While working and walking, I often listen to background music. I used to use an Internet radio called Jango , which was fine with almost everyone, except for the following things:
- inaccessibility during almost daily walks in the forest (i.e. without an Internet connection).
- The need to switch between different channels in order to change the genre of music. In other words, the listener of Jango has little chance of discovering new musical genres.
One day the idea came up with a mobile application for listening to music, which could work most of the time without the Internet (i.e. cache music) with automatic detection of user's musical addictions. I haven’t seen anything like this (maybe I just looked badly?), So I decided to implement it myself. Now, after several months of coding in my spare time from the main work, I published the first, still very raw, but already working version of the Android application .
I wanted to implement an application with a very simple and intuitive interface (in fact, with only two buttons: "pause" and "skip"), but with sufficiently advanced internal logic to analyze musical preferences (based on collecting statistics on the duration of listening to tracks before skipping) and caching tracks. Since I did not want to duplicate the logic for different platforms, it was decided to implement it in C ++ (which is the "common denominator" for iOS and Android).
For storing metadata about tracks, as well as user preferences, I chose SQLite. Album and music cover files are stored in a three-level hash-based directory tree (similar to how it works in Git).
512 MiB chose the cache size (these and any other digits, of course, can be configured). The logic of the rotation of the tracks is as follows: 20 tracks are downloaded per update iteration. After the user has listened to each track at least twice, a new update is initiated. Tracks are deleted for which the average listening time is lower than the specified limit, and the metadata of new tracks is downloaded from the server, after which their download begins.
The playback logic is as follows. The longer the average listening time for a track, the more often it is played.
As an experienced C ++ developer, I did not experience much difficulty in implementing the logic described above (although in reality it is somewhat more complicated). However, having no experience writing applications for Android, I had to spend a lot of time and effort on implementing the corresponding software layer (especially the UI). I am sure that many things are now implemented not in the best way.

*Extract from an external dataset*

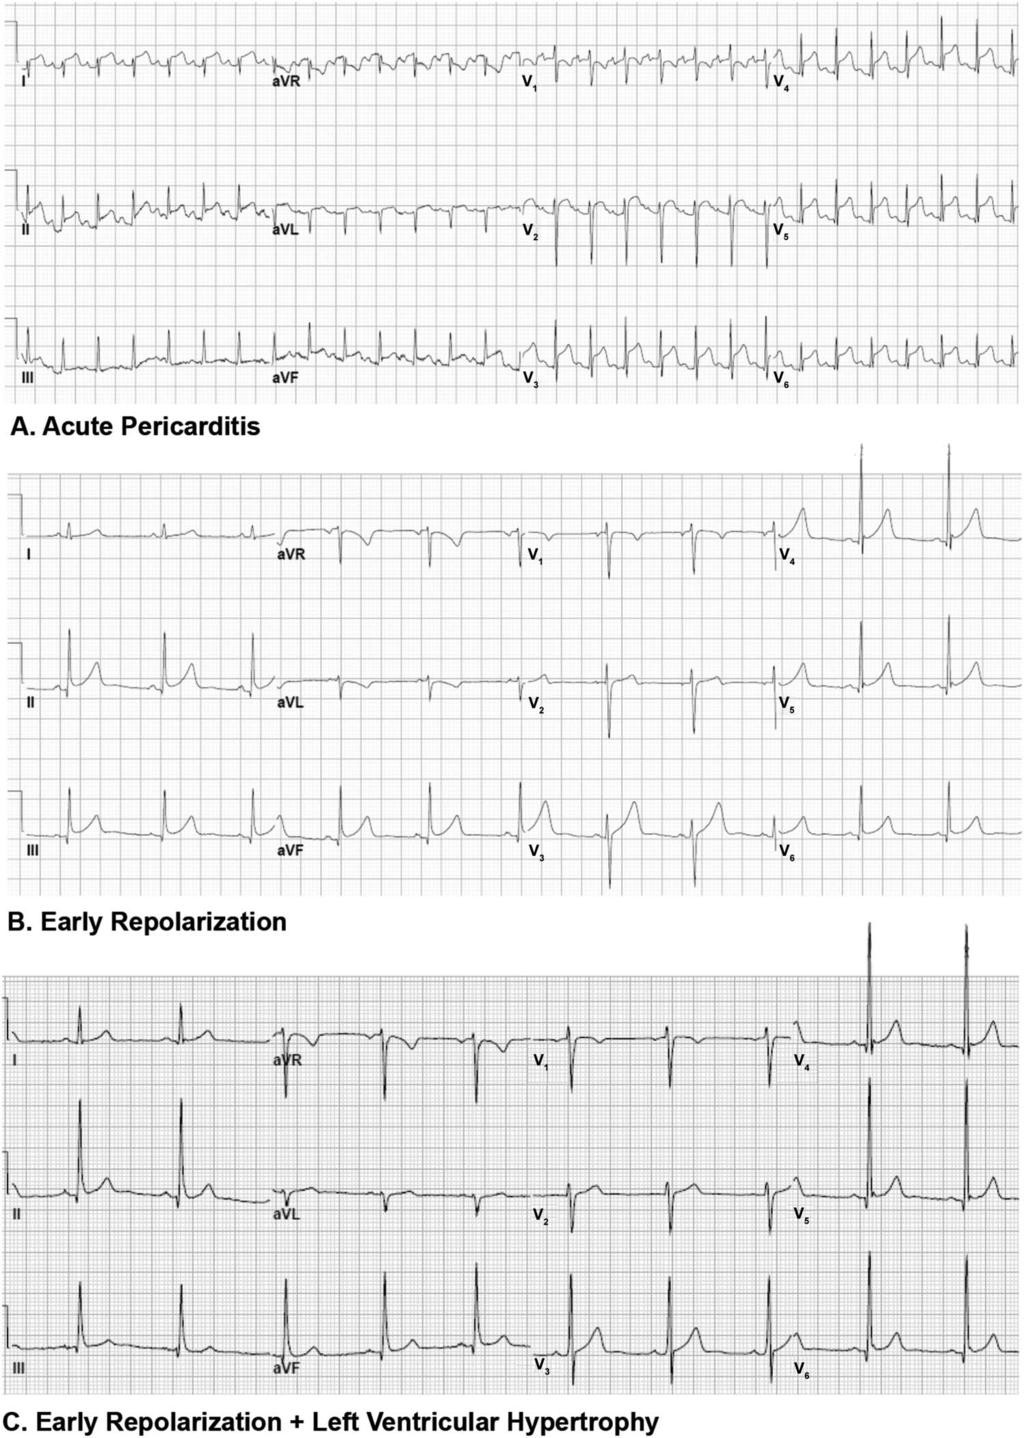 ST/T Ratio in AP, ER and ERLVH FIGURE 1. Electrocardiogram patterns of acute pericarditis (A), early repolarization (B) and early repolarization of left ventricular hypertrophy (C).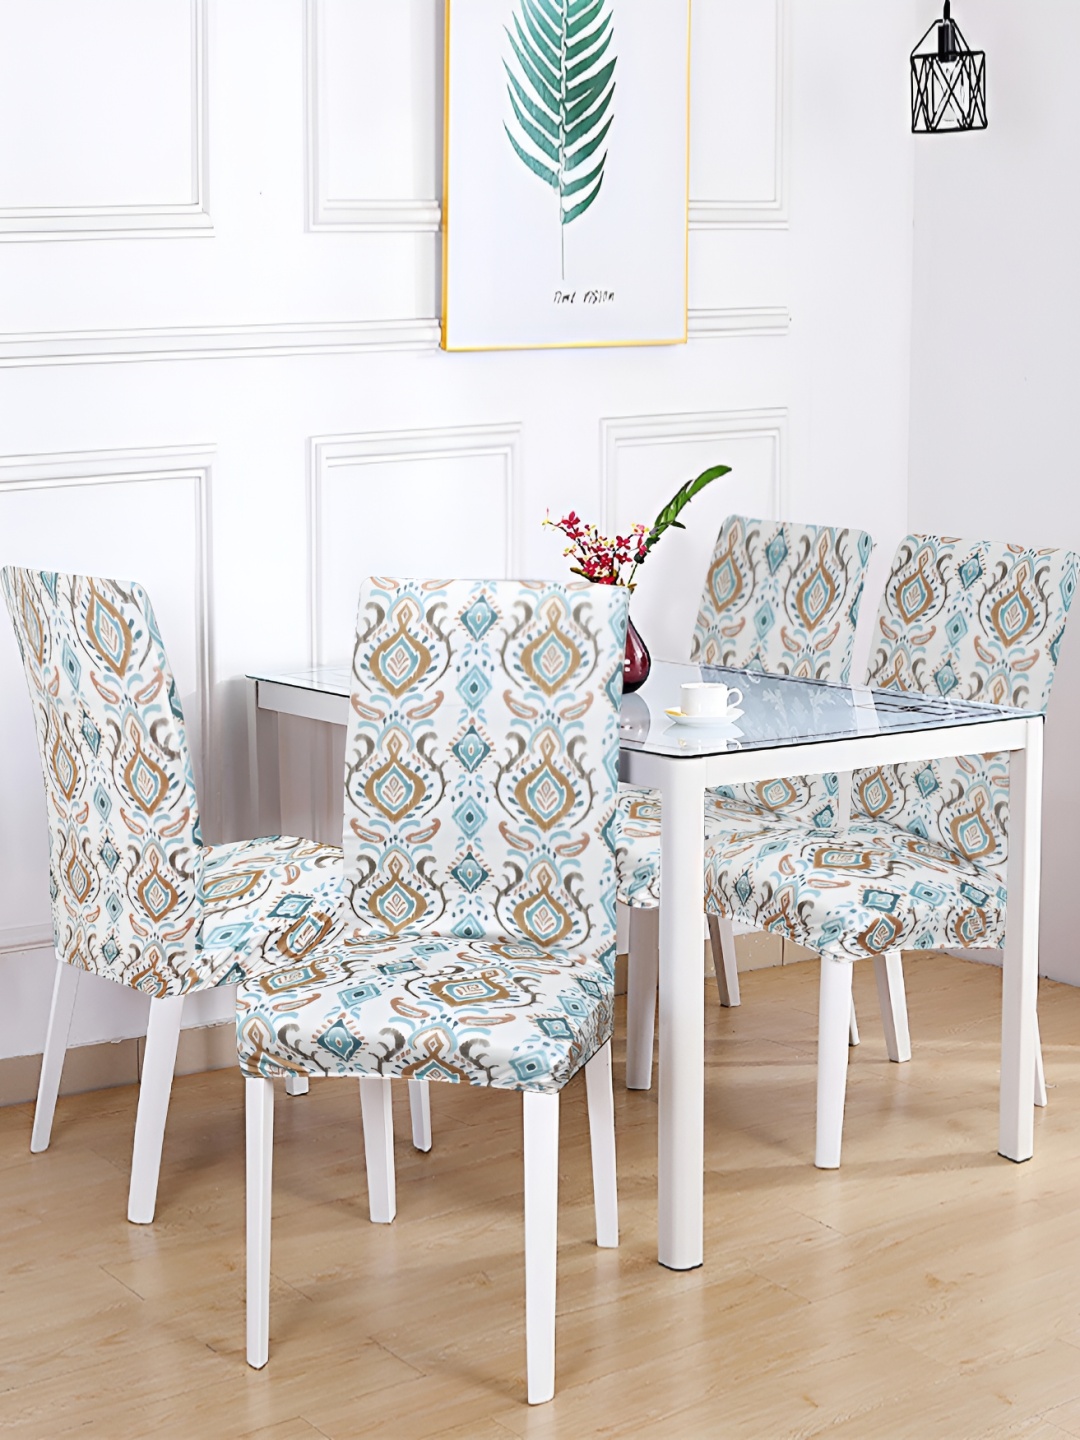 

hargunz White & Blue 4 Pieces Floral Printed Breathable Chair Covers

I decided to write an Android wrapper in Kotlin. In fact, Java did not promise any advantages, because you would still have to mess with JNI (in iOS, the situation would be different, there Objective-C is much more convenient than Swift in terms of integration with native core logic code).
I used Fuel to download JSON metadata, and Fetch to download files (I was surprised that Fuel is not able to efficiently download files). By the way, to the second library I have complaints about the stability of work.
The server code was written in Golang and uses PostgreSQL through reform . The current metadata database was built by indexing the Free Music Archive , and in the future I plan to index other open sources as well. Tracks on the server are not yet stored to save space (I save on hosting), but directly refer to the source repository.
The server collects statistics of listening to tracks for each of the users. Thus, each musical genre is assigned a preference score that affects the likelihood of choosing the appropriate compositions during rotation.
I will be glad if you try my application. Suddenly you will like it. Surely during use you will encounter bugs (the program is still raw). The speed of their correction will directly depend on the demand for my work.